One emergency worker even thought he saw a bullet hole in Foster’s neck and an automatic pistol in Foster’s hand instead of a revolver. He later admitted that he might have been wrong after extensive re-interviews by FBI agents.
The most famous case of mistaken witnesses that the FBI has exposed with its crack investigations, of course, was in the assassination of President Kennedy. So sure were most of the people in Dealey Plaza that the shots had come from the grassy knoll to the right and front of the motorcade that many of them ran up the hill in an attempt to catch the killer.
Asked why the FBI was conducting the investigation instead of the Army, which lost the helicopter and the personnel in the crash, the FBI source responded that the government "wanted to be certain that the investigation produced the right outcome," and there is no better investigative body for that purpose than the FBI.

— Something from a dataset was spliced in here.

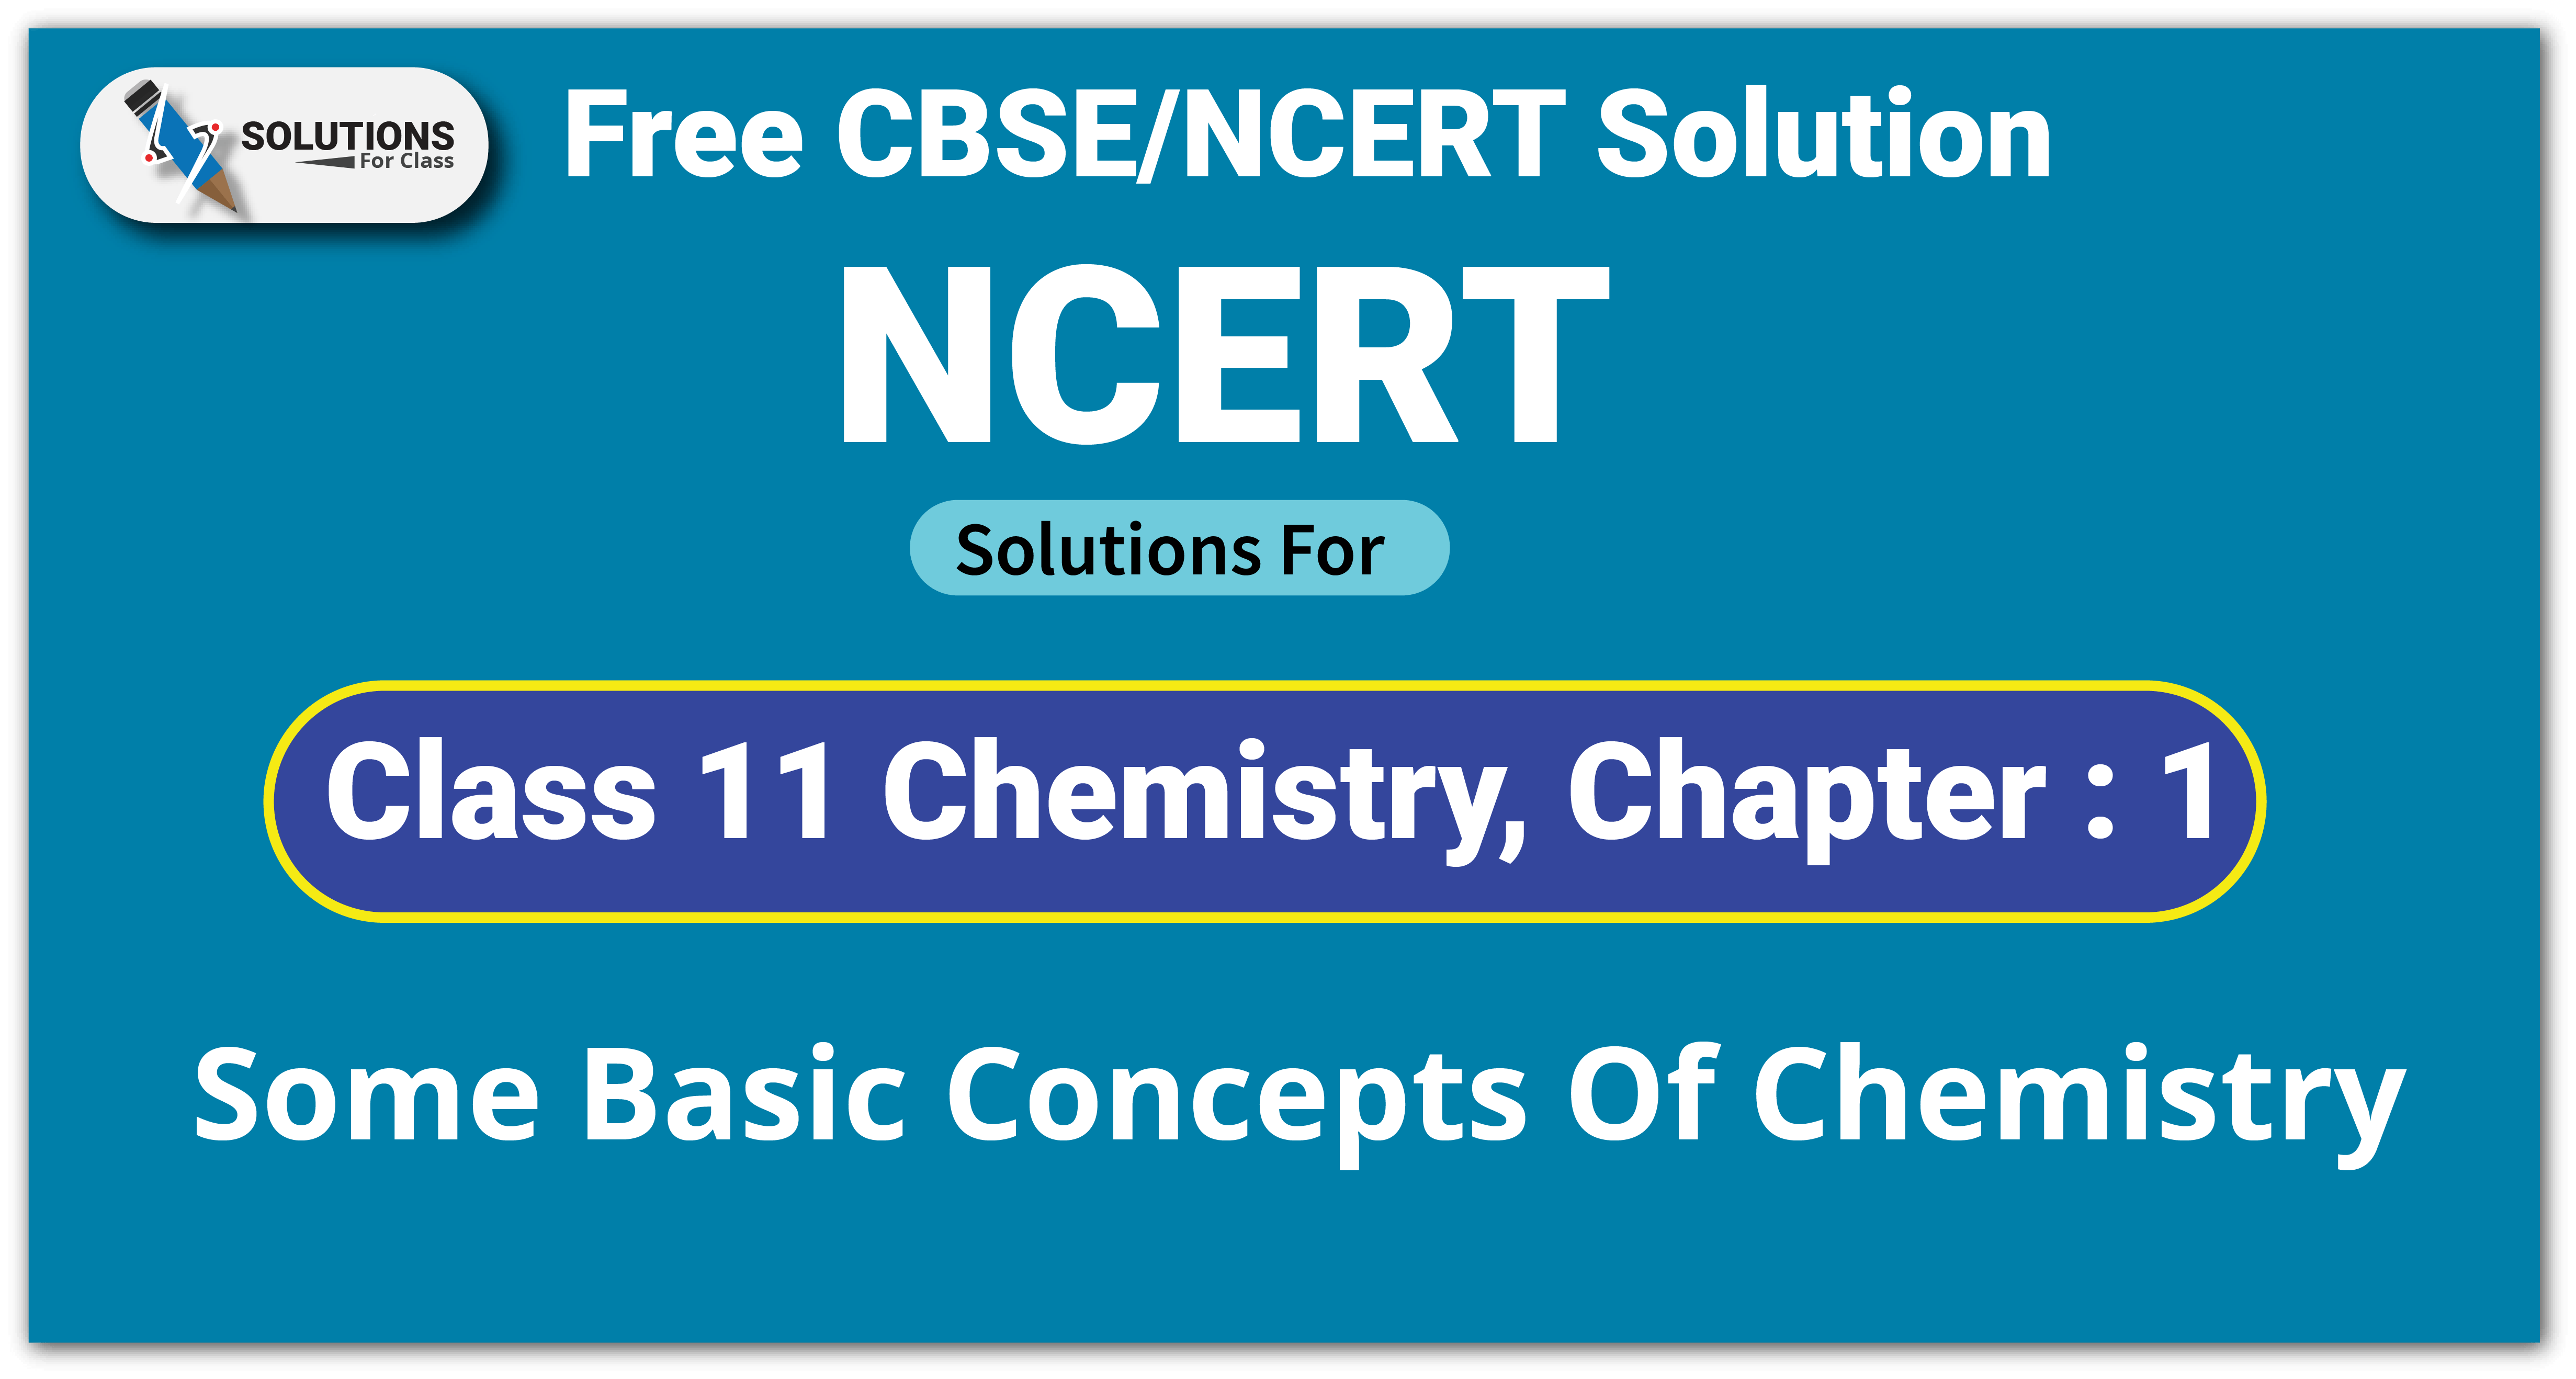 NCERT Solutions For Class 11 Chemistry Chapter 1

"It’s really no different than the investigation of the September 11, 2001, crash into the Pentagon," he said. There the victims were also military, but the FBI kept military investigators out of the picture.
He also mentioned the investigation of the bombing of the Murrah Building, from which uncooperative Oklahoma City police officers like Terrance Yeakey (who later committed suicide in despondency) where totally excluded, and TWA 800, which normally would have been the responsibility of the National Transportation Safety Board. In that case, the FBI re-assembled the entire airplane in a hangar in order to come up with its spontaneous-explosion conclusion.
The FBI also found it necessary to get into the case of the botched-robbery-murders at the Washington, DC, Starbucks, even though there were apparently no federal laws violated because, "with the District police in charge, this high-profile case was apparently not going to be brought to closure." Similarly, ostensibly no federal laws were violated in the murder of rock legend John Lennon, but the FBI handled that investigation, as well.
"The public is not generally aware of the extent of the FBI’s international responsibilities," added a senior Defense Department official. "The FBI is deeply involved in intelligence gathering on a continuous basis in Iraq," he said, "and they are to be credited with our great successes up to this point in the guerilla war," he said.
FBI international operations were supposedly initiated on a large scale for the first time in the Clinton administration and have expanded in the George W. Bush administration. The Great Speckled Bird has learned, however, that the FBI has been engaged in international intelligence gathering in competition with the Central Intelligence Agency for quite a long time, even in the absence of a legislative mandate. After the failure of other organizations, the FBI has also been recently given the task of finding Saddam Hussein’s missing weapons of mass destruction.
As for the likely cause of the Chinook crash, the FBI source said that they were examining all possibilities. Three, in particular, were mentioned, static electricity in the fuel tank as with TWA 800, a pin falling out of a grenade carried by one of the soldiers, or a suicidal soldier who may have intentionally blown the helicopter up.